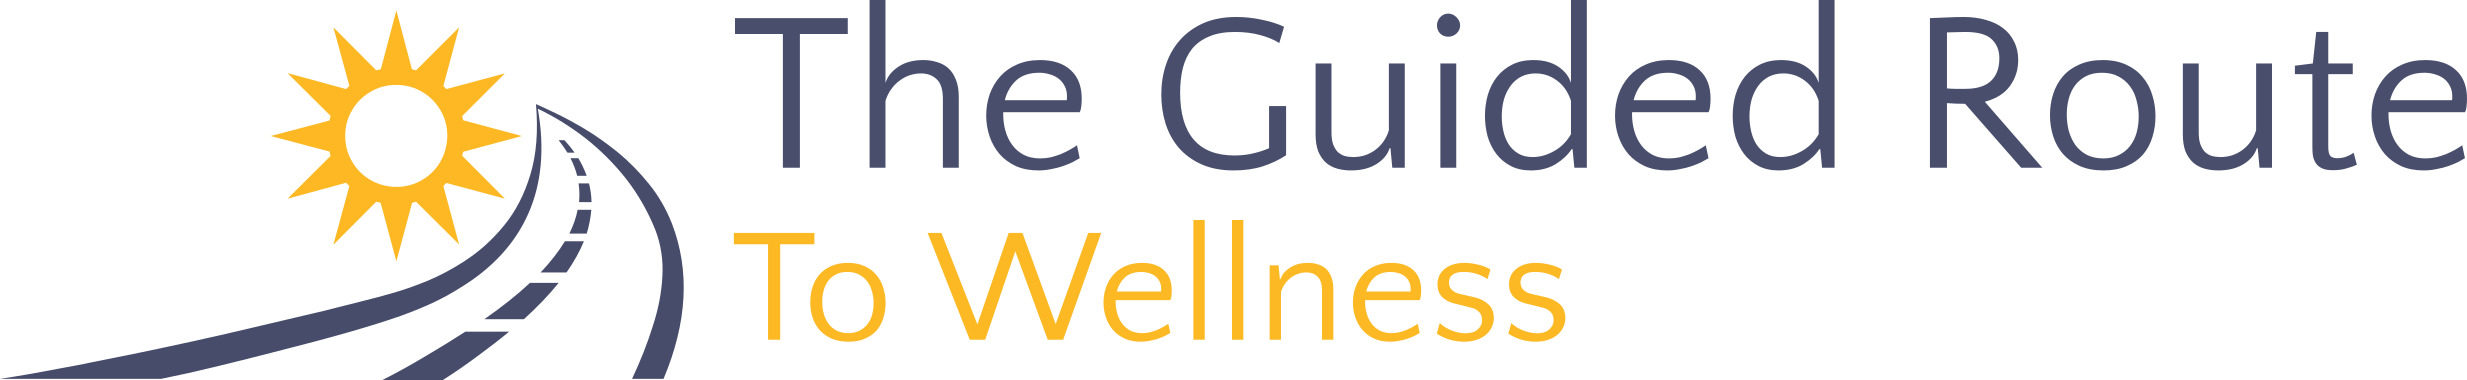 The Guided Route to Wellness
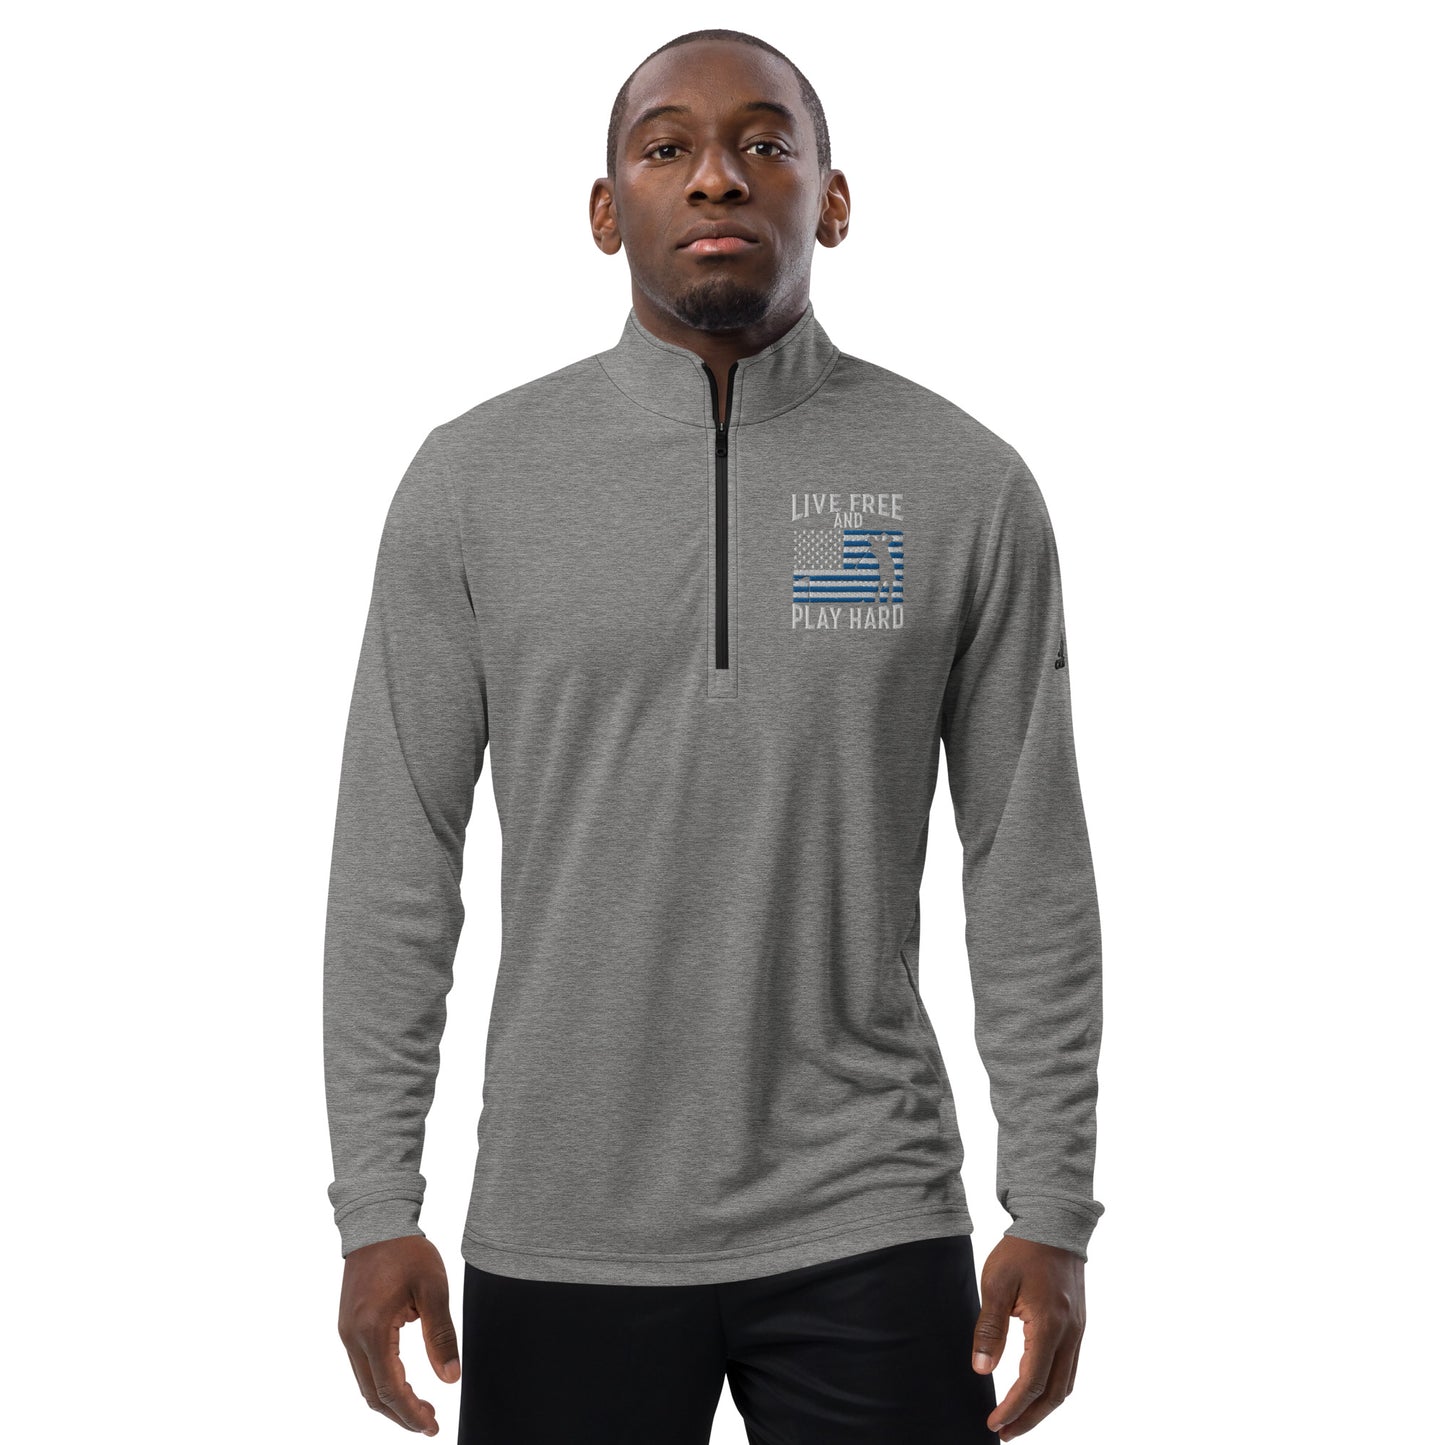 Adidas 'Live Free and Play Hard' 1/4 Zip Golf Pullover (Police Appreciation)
---
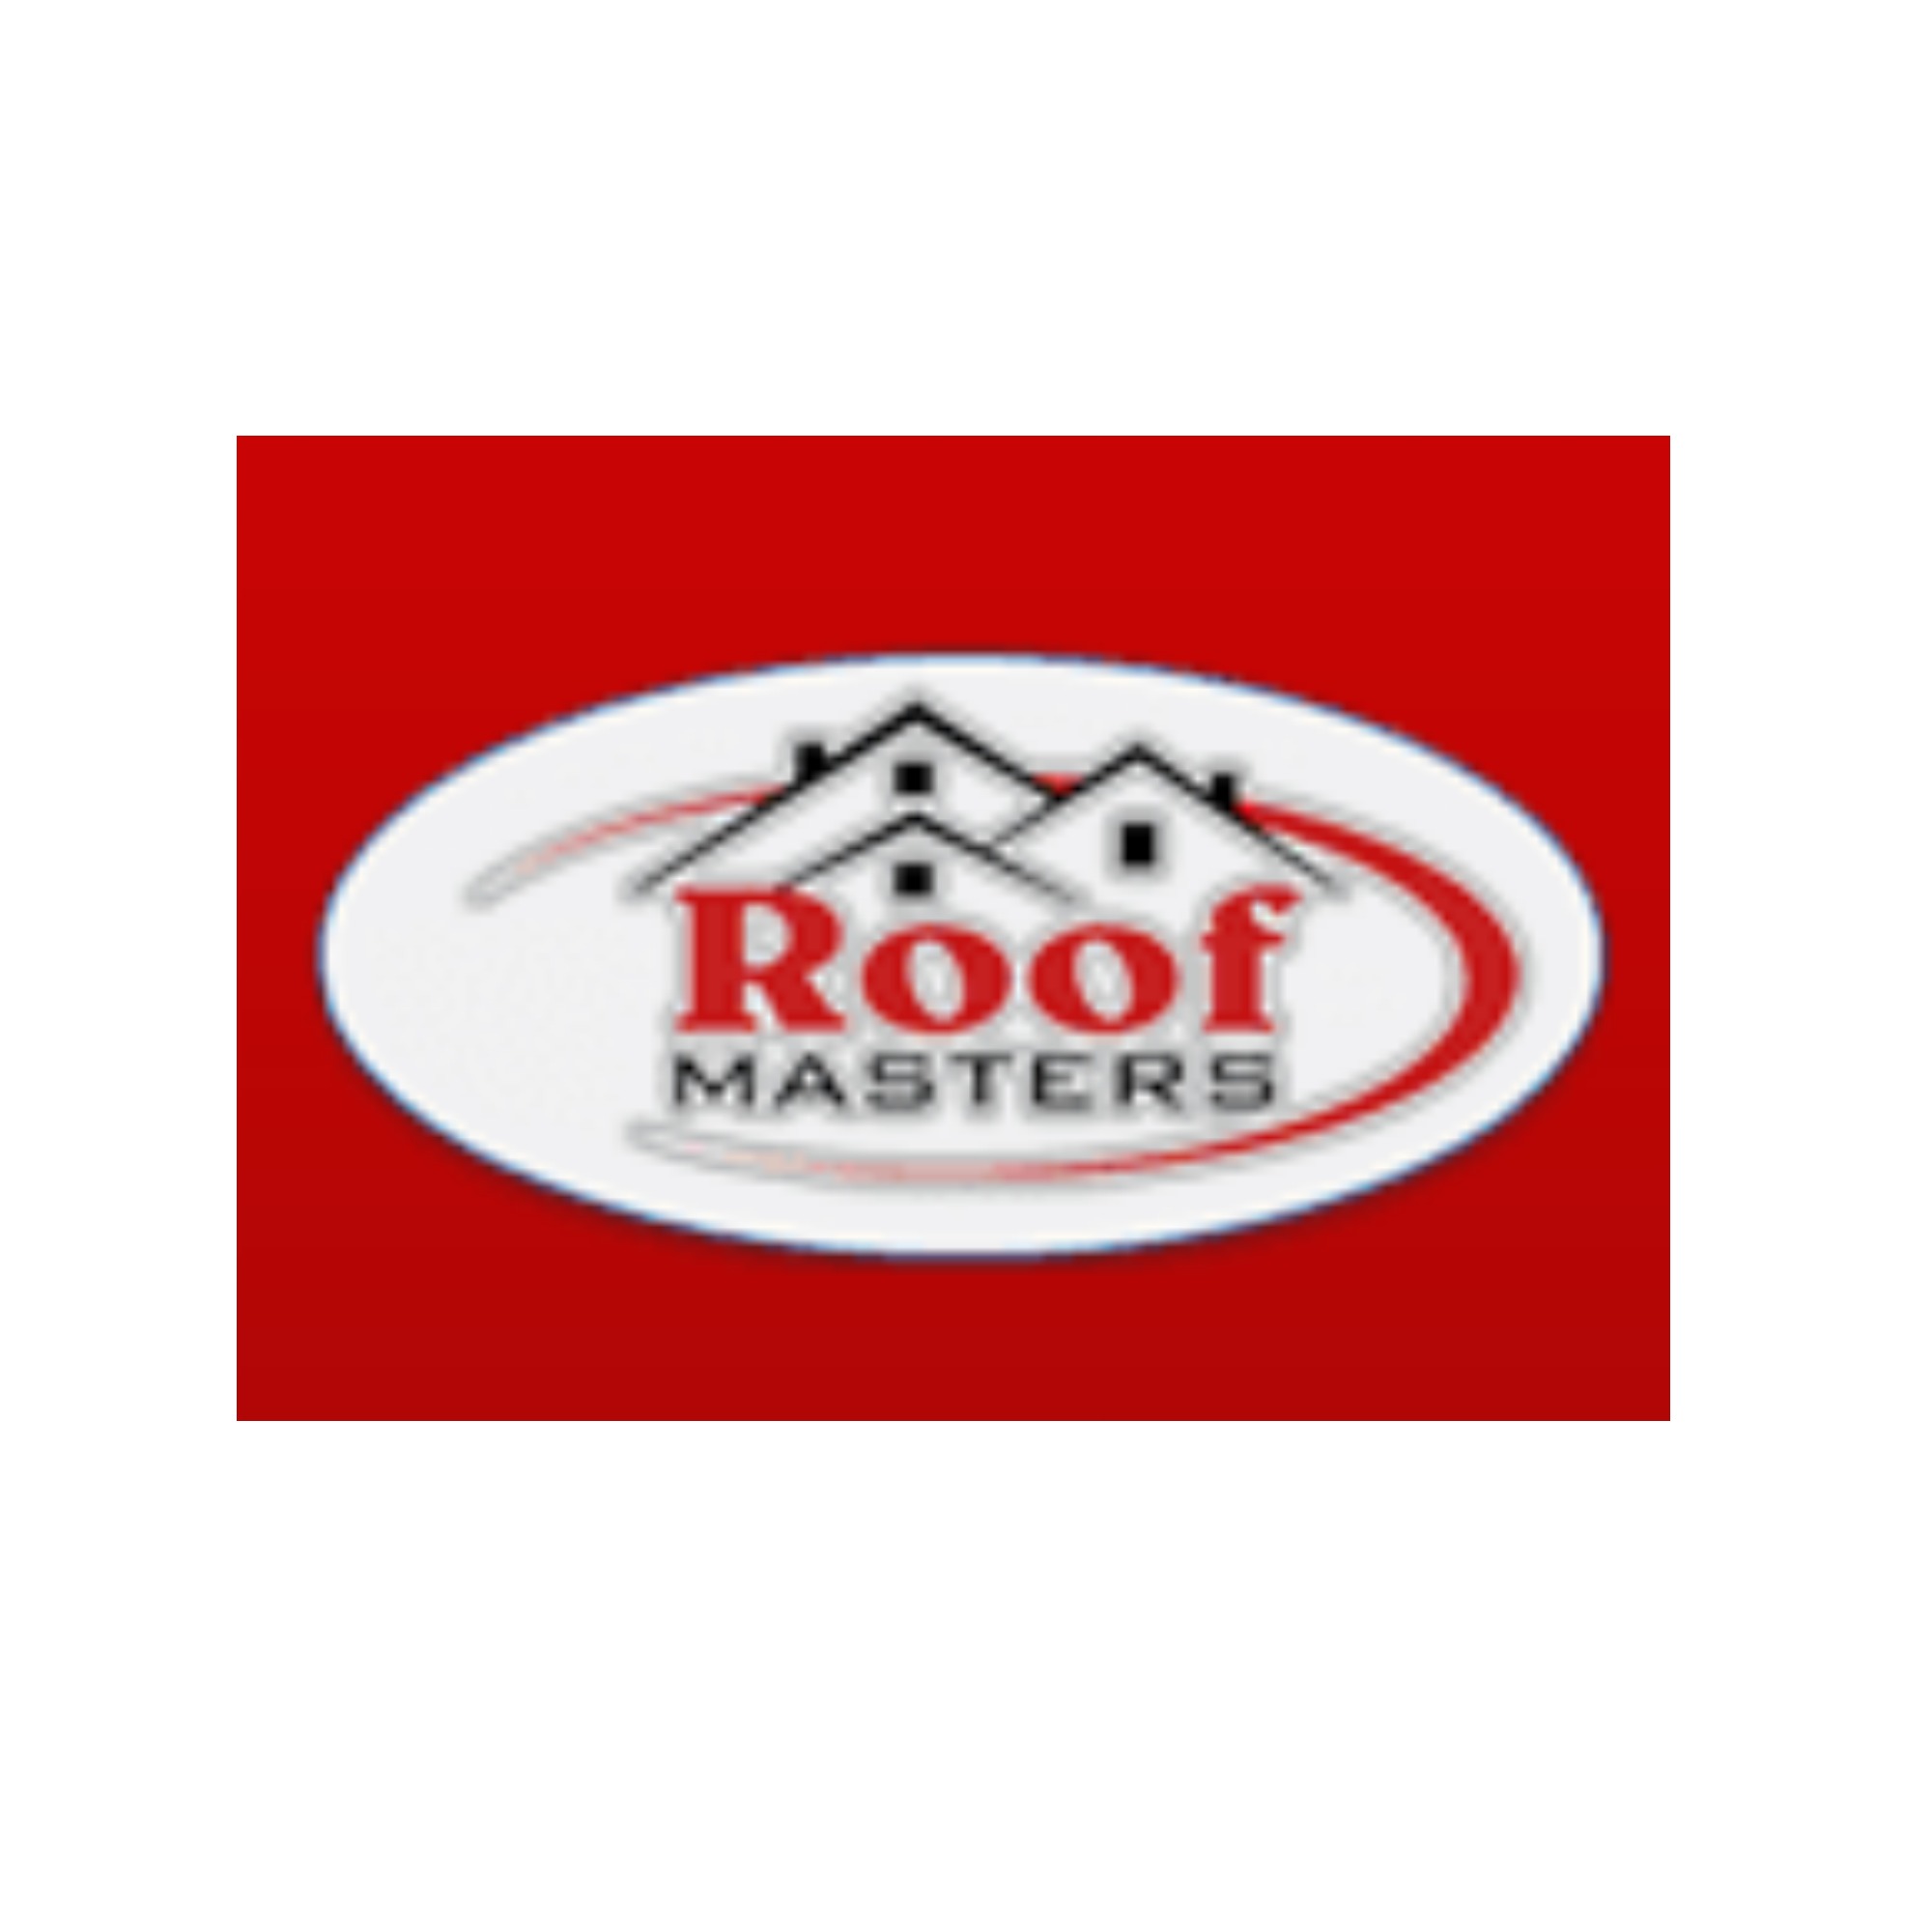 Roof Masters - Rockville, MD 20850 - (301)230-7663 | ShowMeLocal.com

* **Task item**
Restate the lines above from the one containing "The Guided Route to Wellness" through the one containing "Adidas 'Live Free", inclusive, exactly and without pictures.

* **Response to this exercise**
 The Guided Route to Wellness
 Adidas 'Live Free and Play Hard' 1/4 Zip Golf Pullover (Police Appreciation)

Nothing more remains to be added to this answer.